Carried over from the previous release: Impala Virtual Warehouse
- IMPALA-11045 Impala Virtual Warehouses might produce an error when querying transactional (ACID) table even after you enabled the automatic metadata refresh (version DWX 1.1.2-b2008)
- Problem: Impala doesn't open a transaction for select queries, so you might get a FileNotFound error after compaction even though you refreshed the metadata automatically.
- Impala Virtual Warehouses might produce an error when querying transactional (ACID) tables (DWX 1.1.2-b1949 or earlier)
- Problem: If you are querying transactional (ACID) tables with an Impala Virtual Warehouse and compaction is run on the compacting Hive Virtual Warehouse, the query might fail. The compacting process deletes files and the Impala Virtual Warehouse might not be aware of the deletion. Then when the Impala Virtual Warehouse attempts to read the deleted file, an error can occur. This situation occurs randomly.
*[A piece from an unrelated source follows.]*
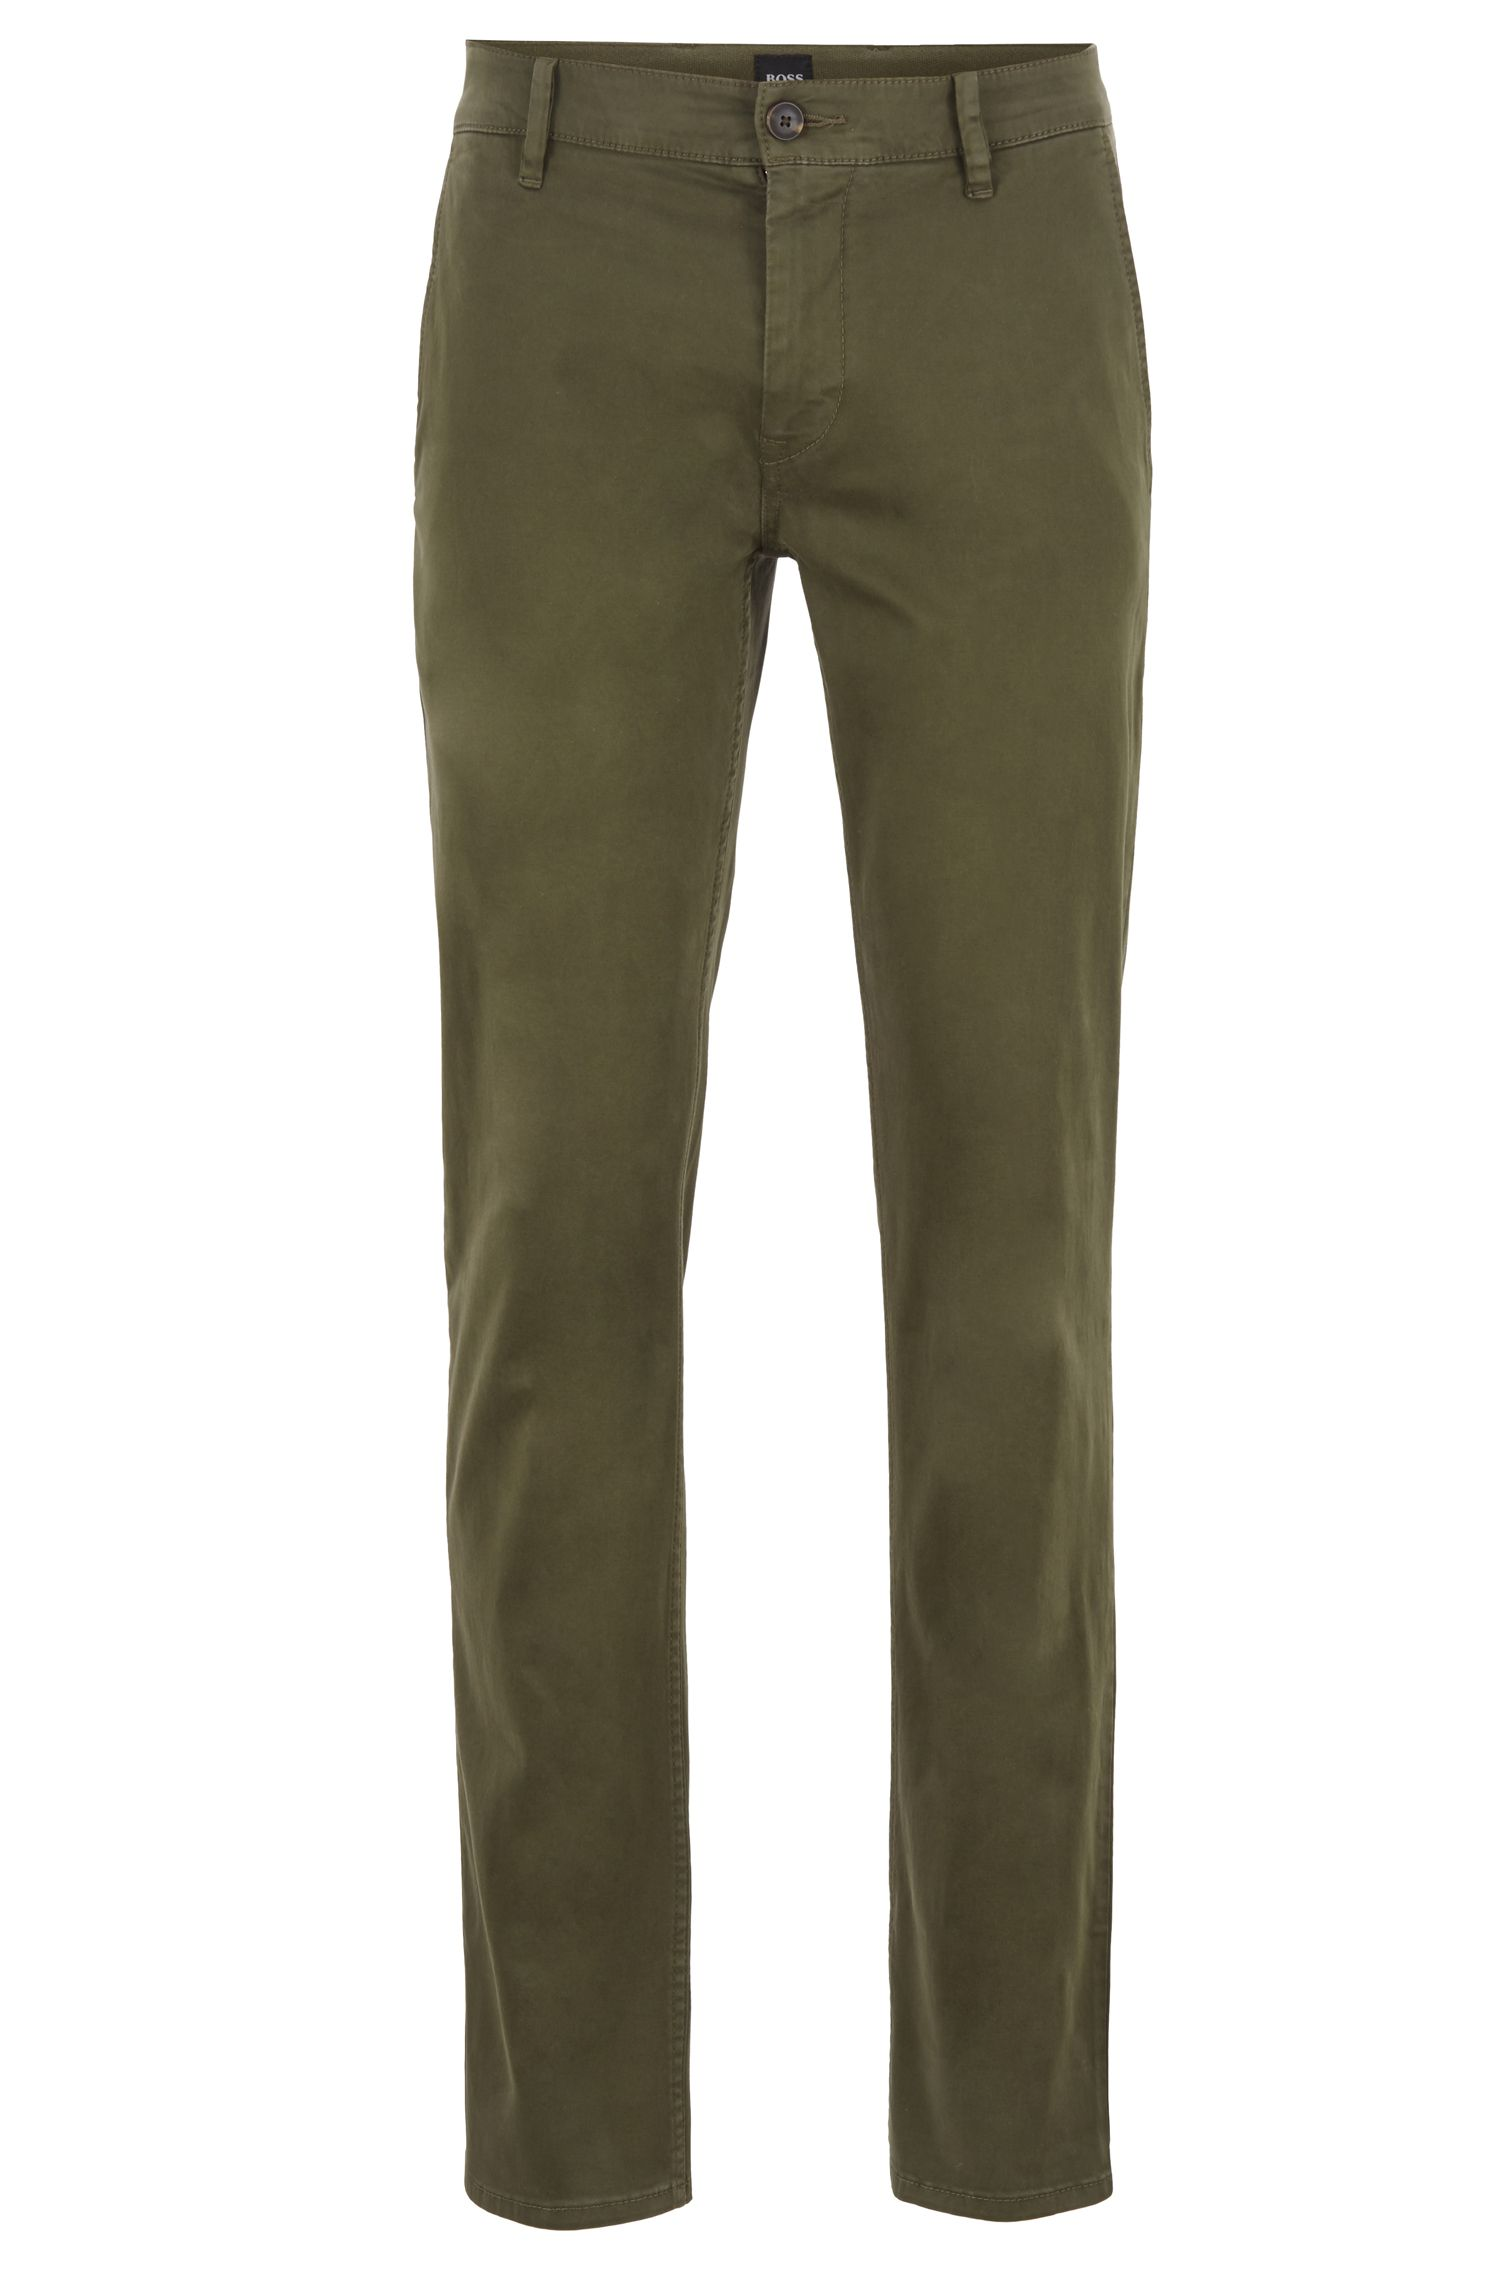 Chino casual Slim Fit en coton stretch brossé, Vert sombre

- Do not use the start/stop icons in Impala Virtual Warehouses version 7.2.2.0-106 or earlier
- Problem: If you use the stop/start icons in Impala Virtual Warehouses version 7.2.2.0-106 or earlier, it might render the Virtual Warehouse unusable and make it necessary for you to re-create it.
- DWX-6674: Hue connection fails on cloned Impala Virtual Warehouses after upgrading
- Problem: If you clone an Impala Virtual Warehouse from a recently upgraded Impala Virtual Warehouse, and then try to connect to Hue, the connection fails.
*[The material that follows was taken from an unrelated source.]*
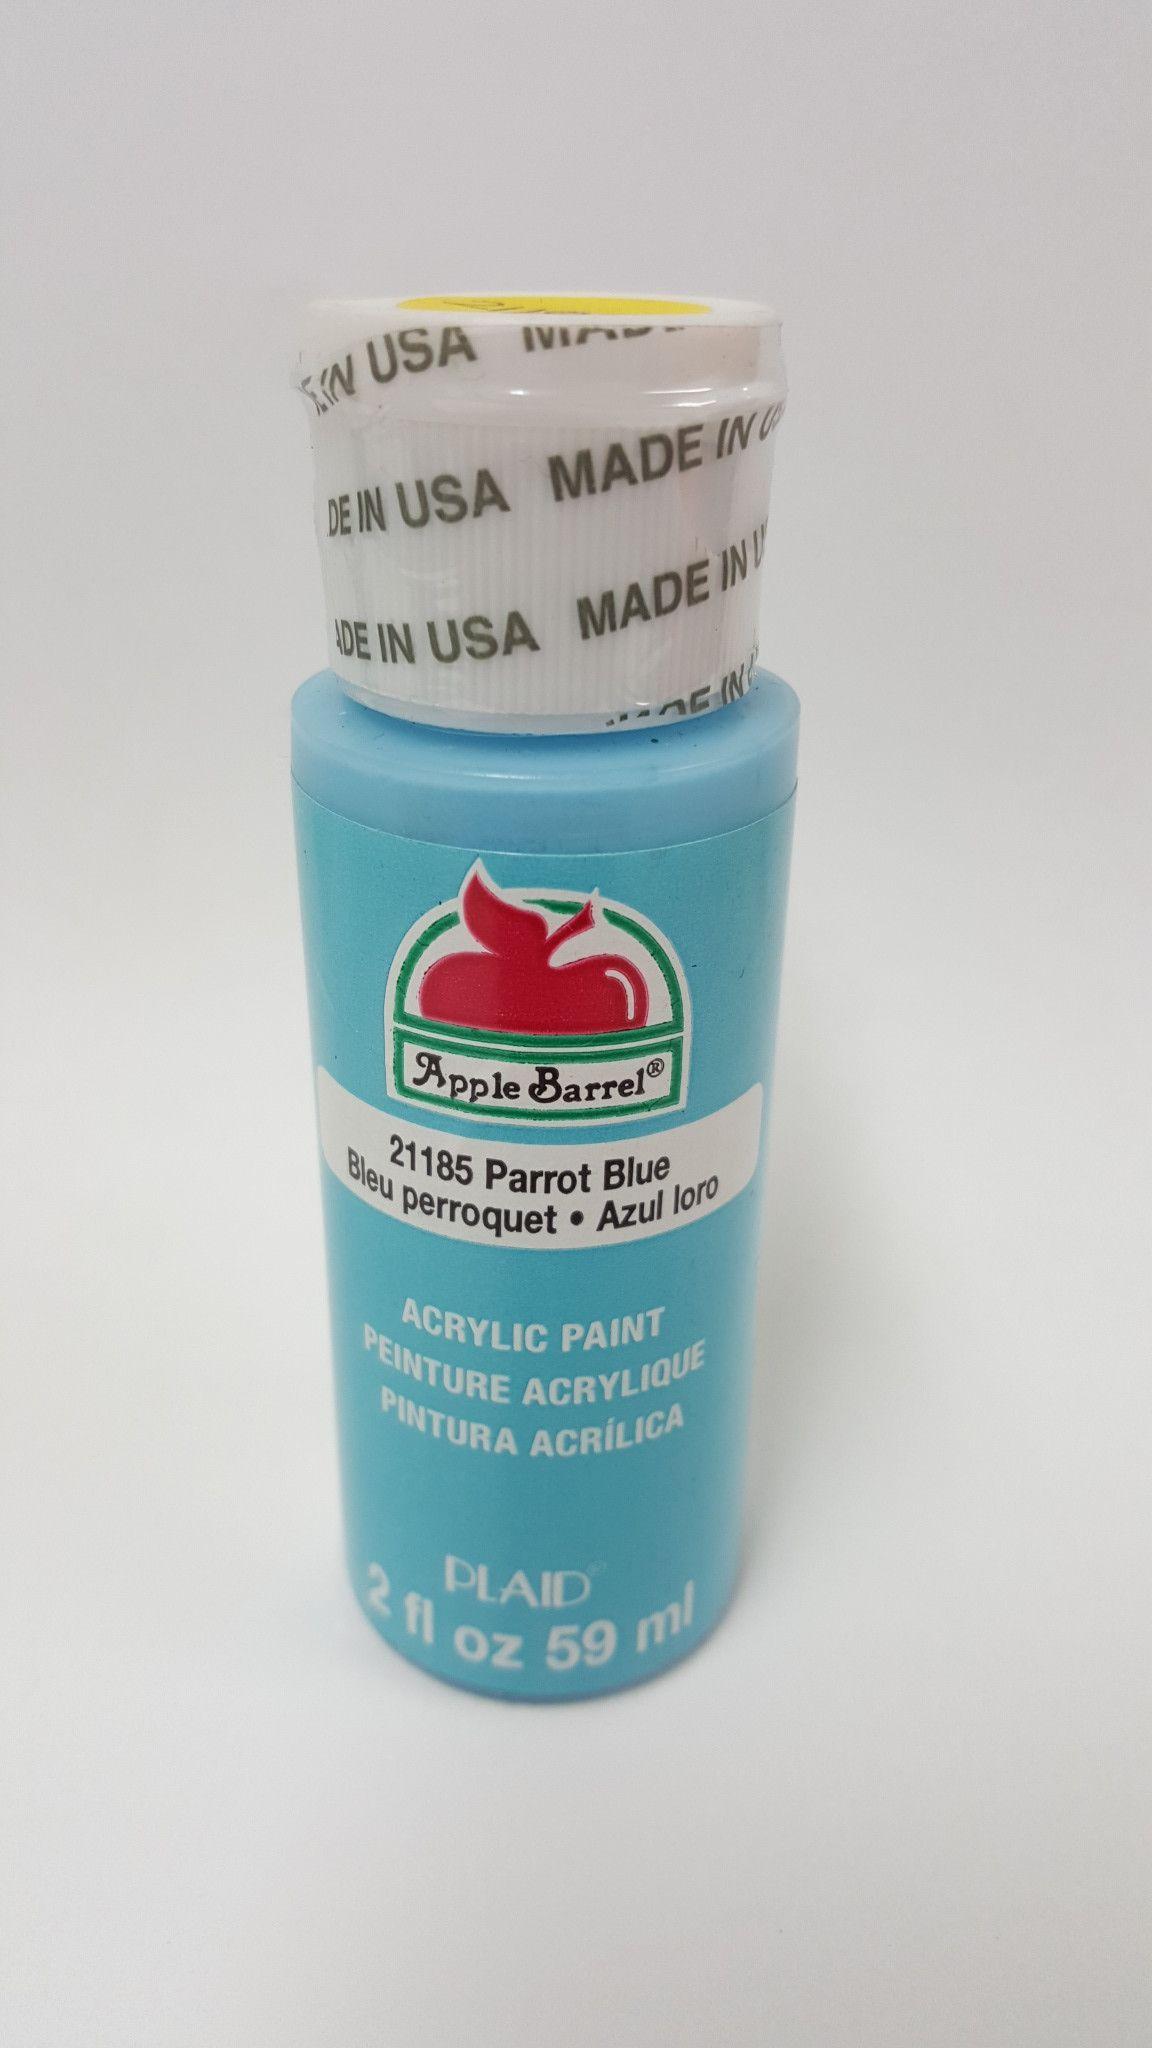 Apple Barrel 21185 Parrot Blue Acrylic Paint 2 fl oz

- DWX-5841: Virtual Warehouse endpoints are now restricted to TLS 1.2
- Problem: TLS 1.0 and 1.1 are no longer considered secure, so now Virtual Warehouse
endpoints must be secured with TLS 1.2 or later, and then the environment that the Virtual
Warehouse uses must be reactivated in CDW. This includes both Hive and Impala Virtual
Warehouses. To reactivate the environment in the CDW UI:
- Deactivate the environment. See Deactivating AWS environments or Deactivating Azure environments.
- Activate the environment. See Activating AWS environments or Activating Azure environments
- DWX-5276: Upgrading an older version of an Impala Virtual Warehouse can result in error state
- Problem: If you upgrade an older version of an Impala Virtual Warehouse (DWX 1.1.1.1-4) to the latest version, the Virtual Warehouse can get into an Updating or Error state.
- DWX-3914: Collect Diagnostic Bundle option does not work on older environments
- The Collect Diagnostic Bundle menu option in Impala Virtual Warehouses does not work for older environments:
- Data caching:
- This feature is limited to 200 GB per executor, multiplied by the total number of executors.
- Sessions with Impala continue to run for 15 minutes after the connection is disconnected.
- When a connection to Impala is disconnected, the session continues to run for 15 minutes in
case so the user or client can reconnect to the same session again by presenting the
session_token
. After 15 minutes, the client must re-authenticate to Impala to establish a new connection.